Produce a word-for-word copy of the listing below without its pictures.

→ **INFORMATION SHOWN**

▬▬▬▬▬▬

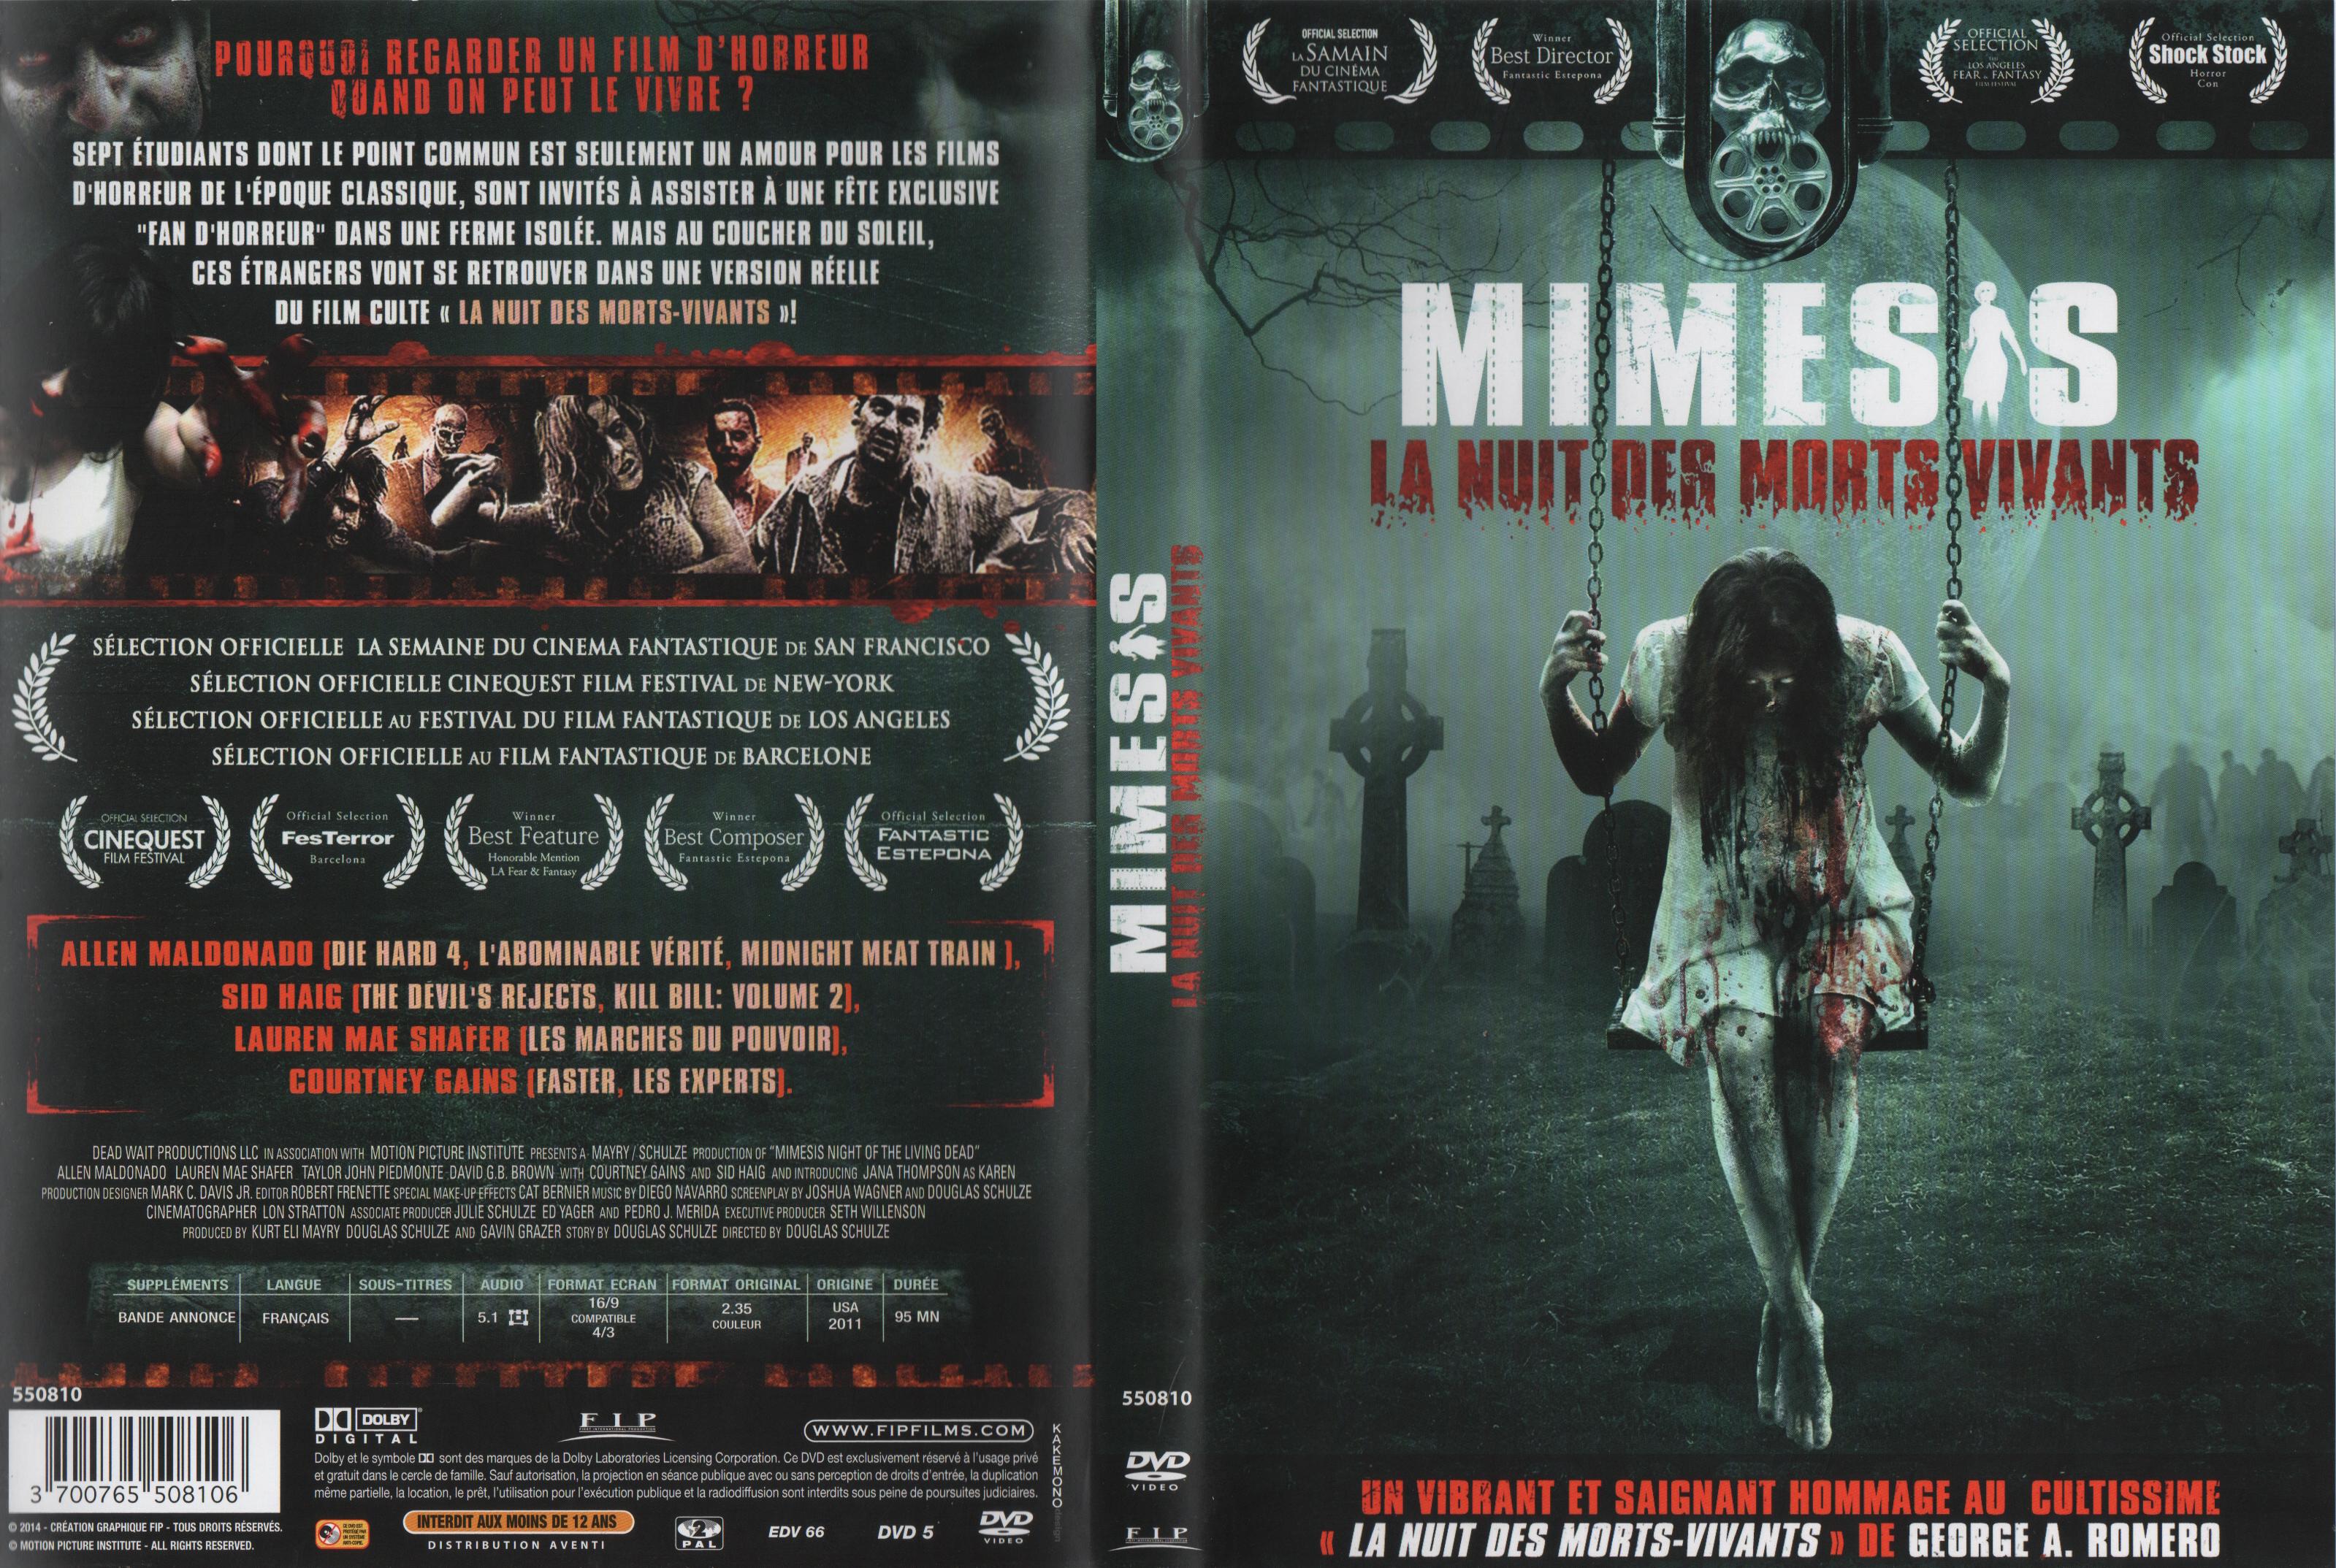 Jaquette DVD Mimesis La nuit des morts vivants
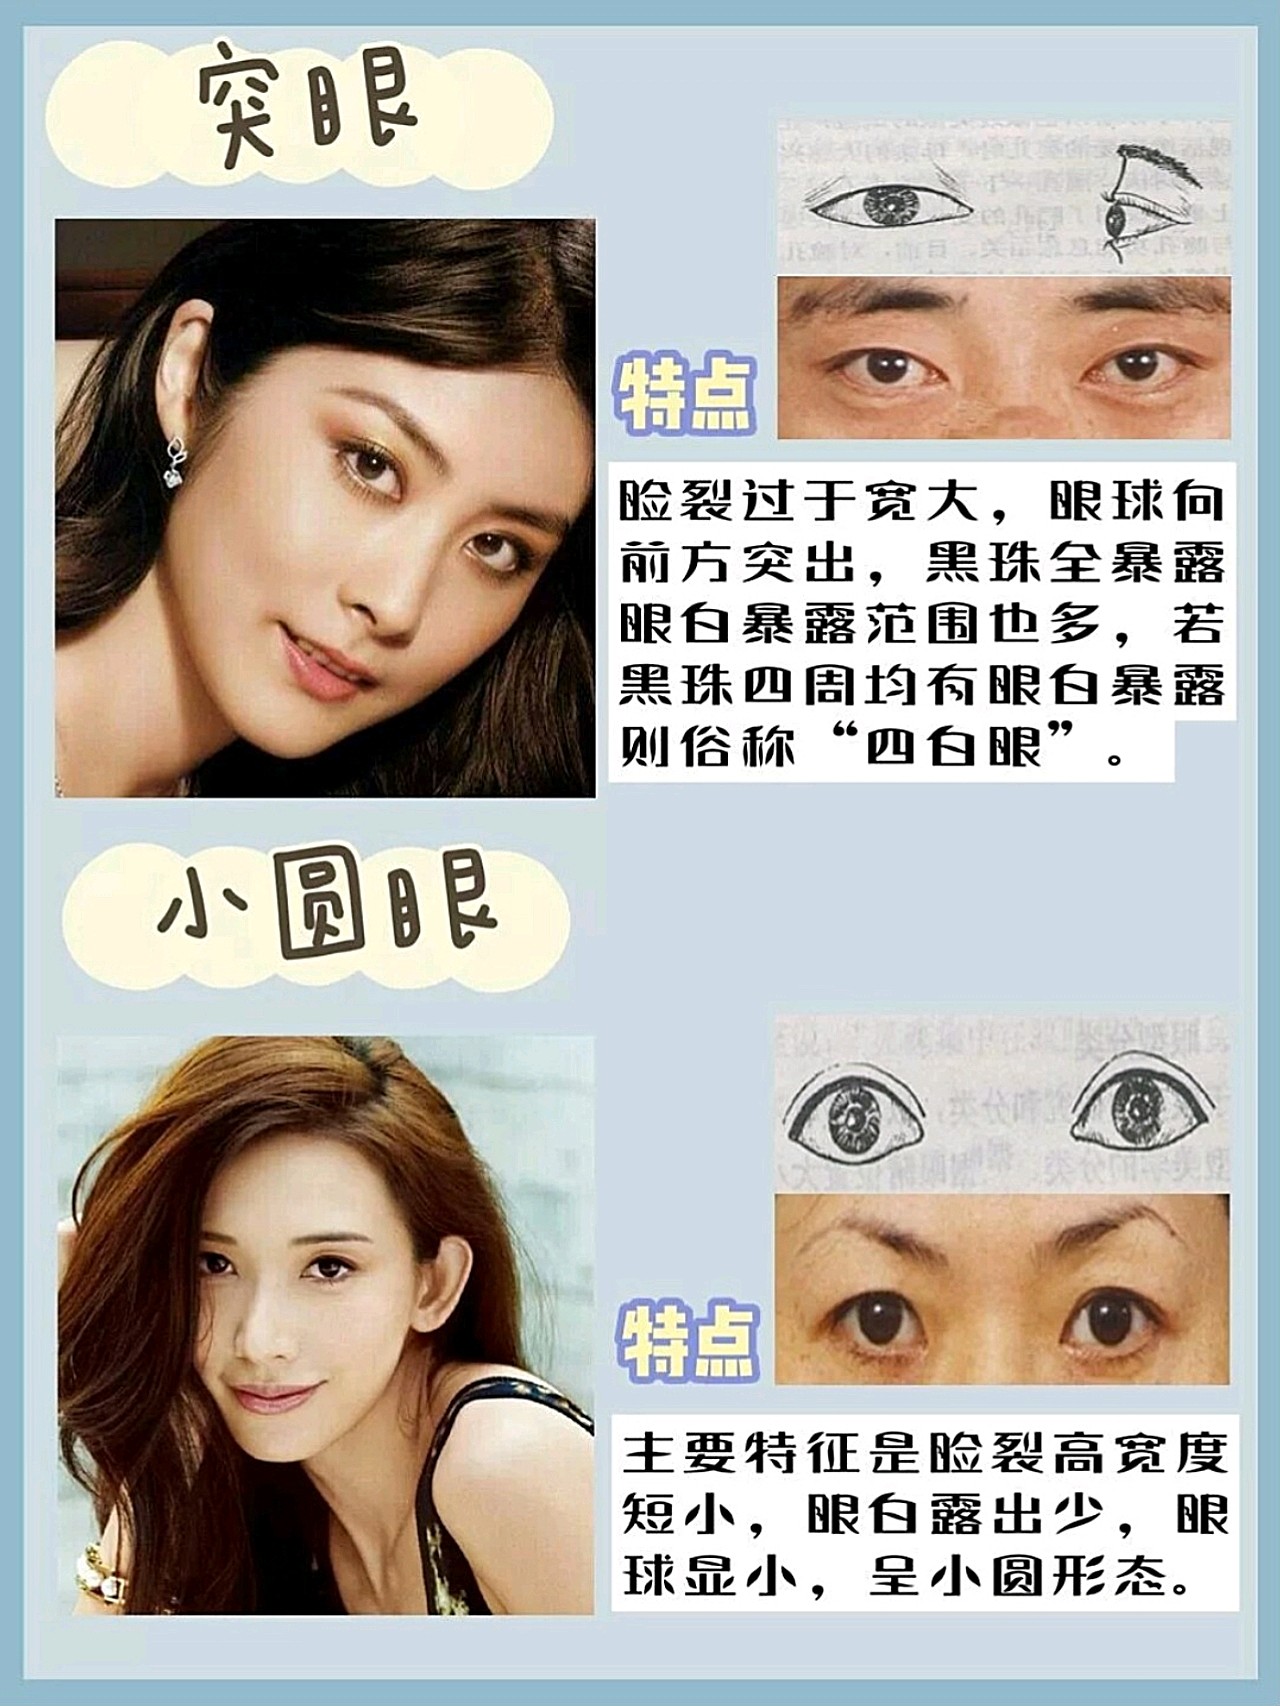 不同眼型 分类图片
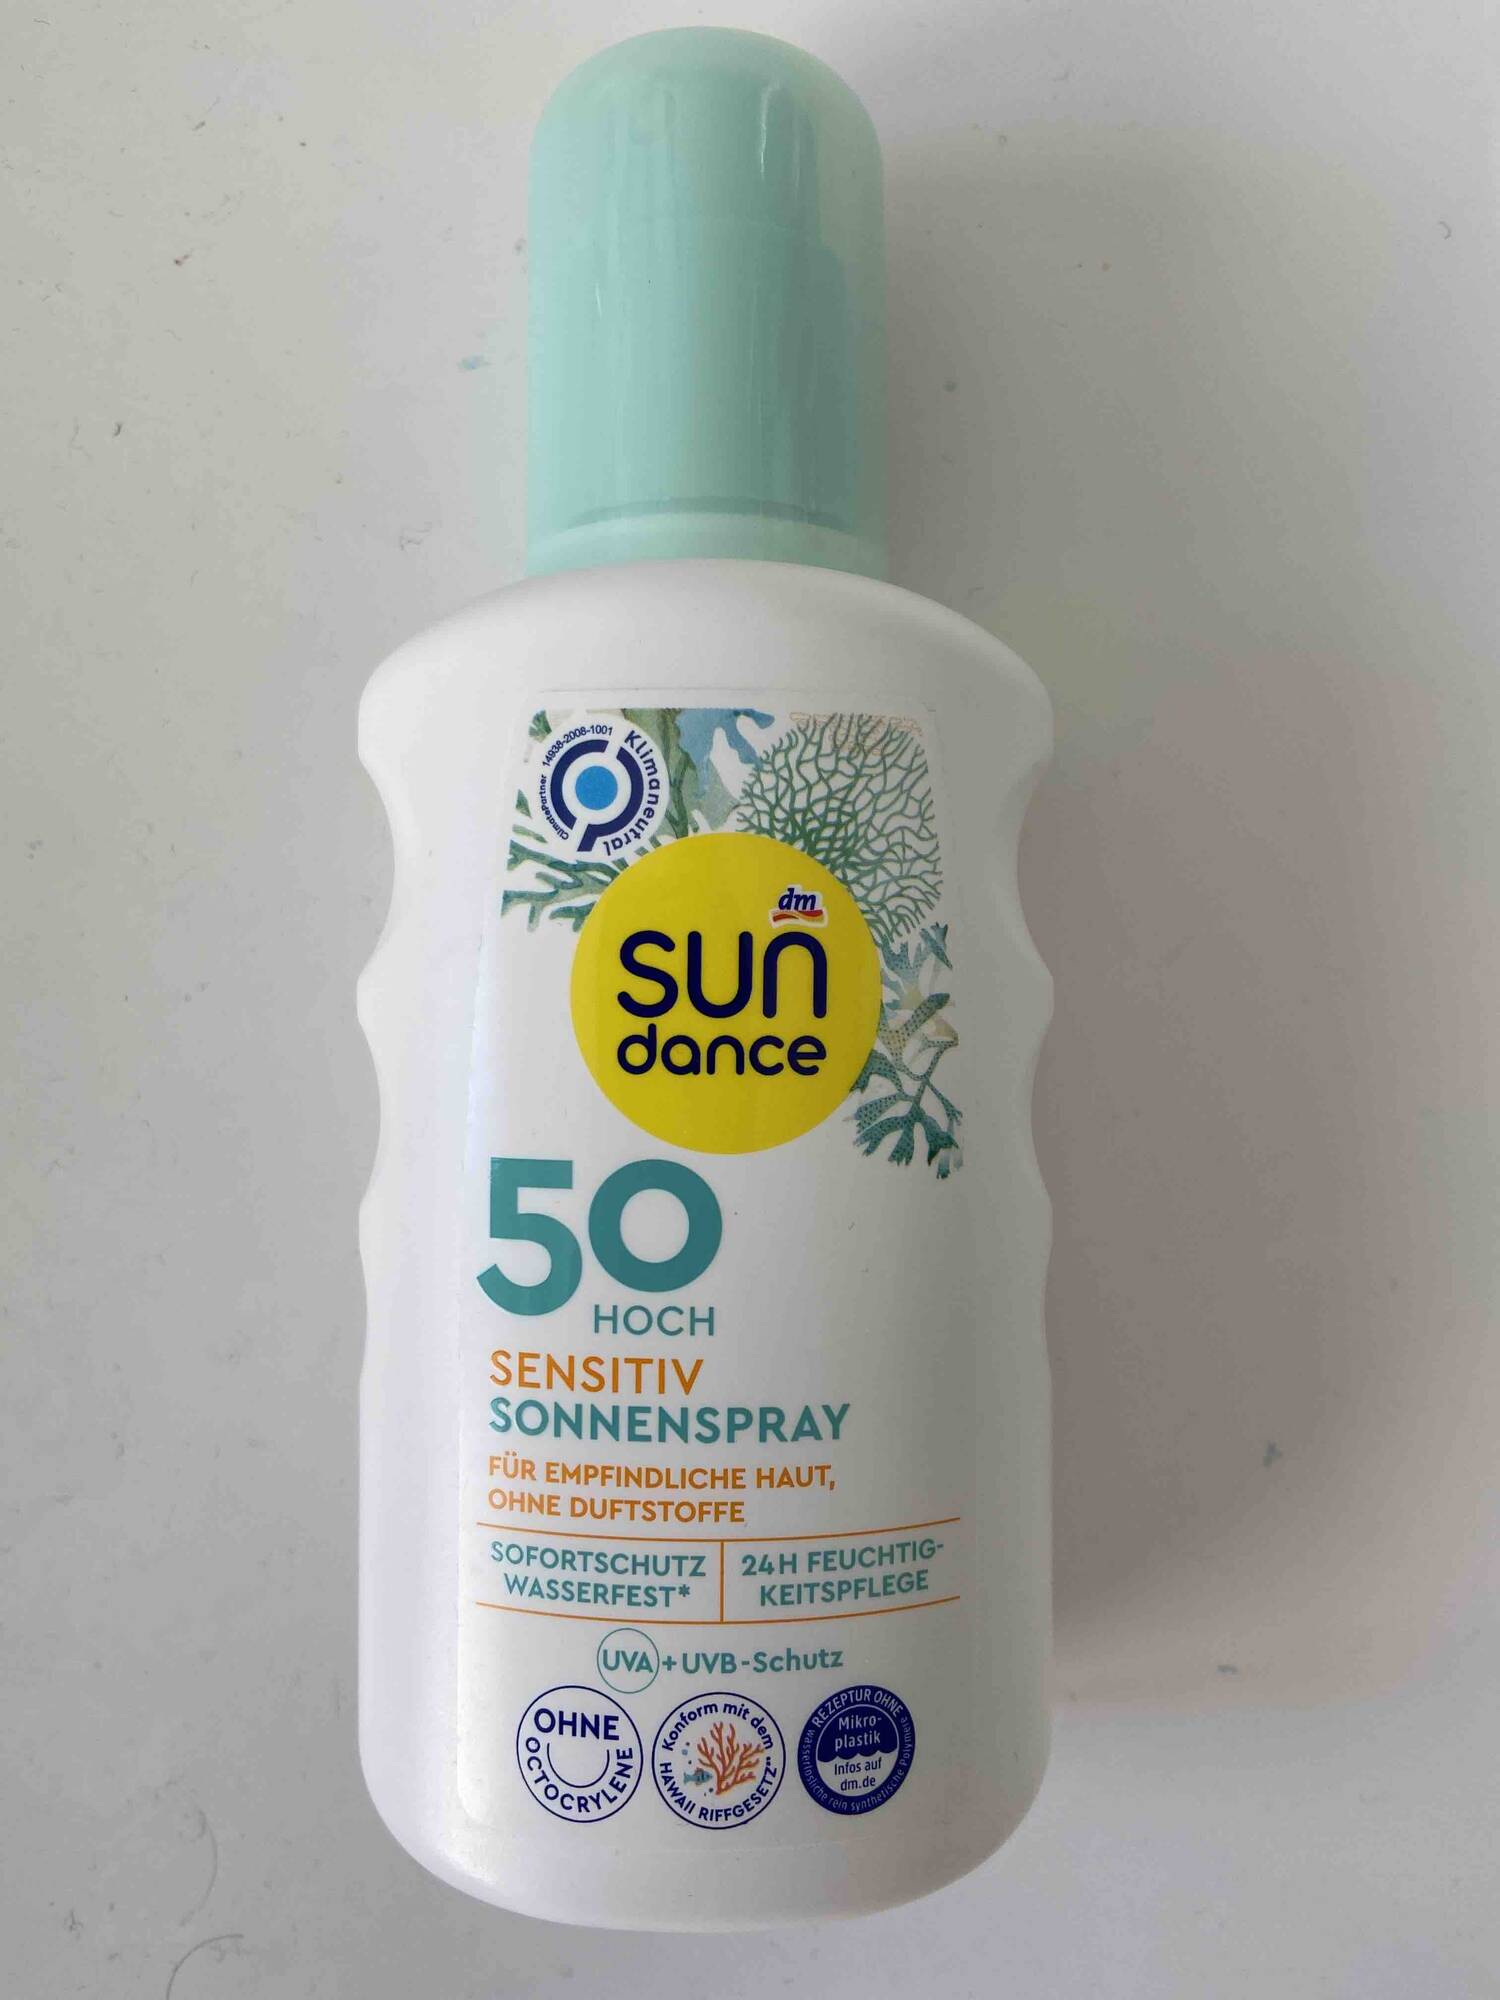 SUNDANCE - Sonnenspray sensitiv 50 hoch

▬▬▬▬▬▬

→ **ANSWER SPACE**
 Jaquette DVD Mimesis La nuit des morts vivants
 不同眼型 分类图片
 SUNDANCE - Sonnenspray sensitiv 50 hoch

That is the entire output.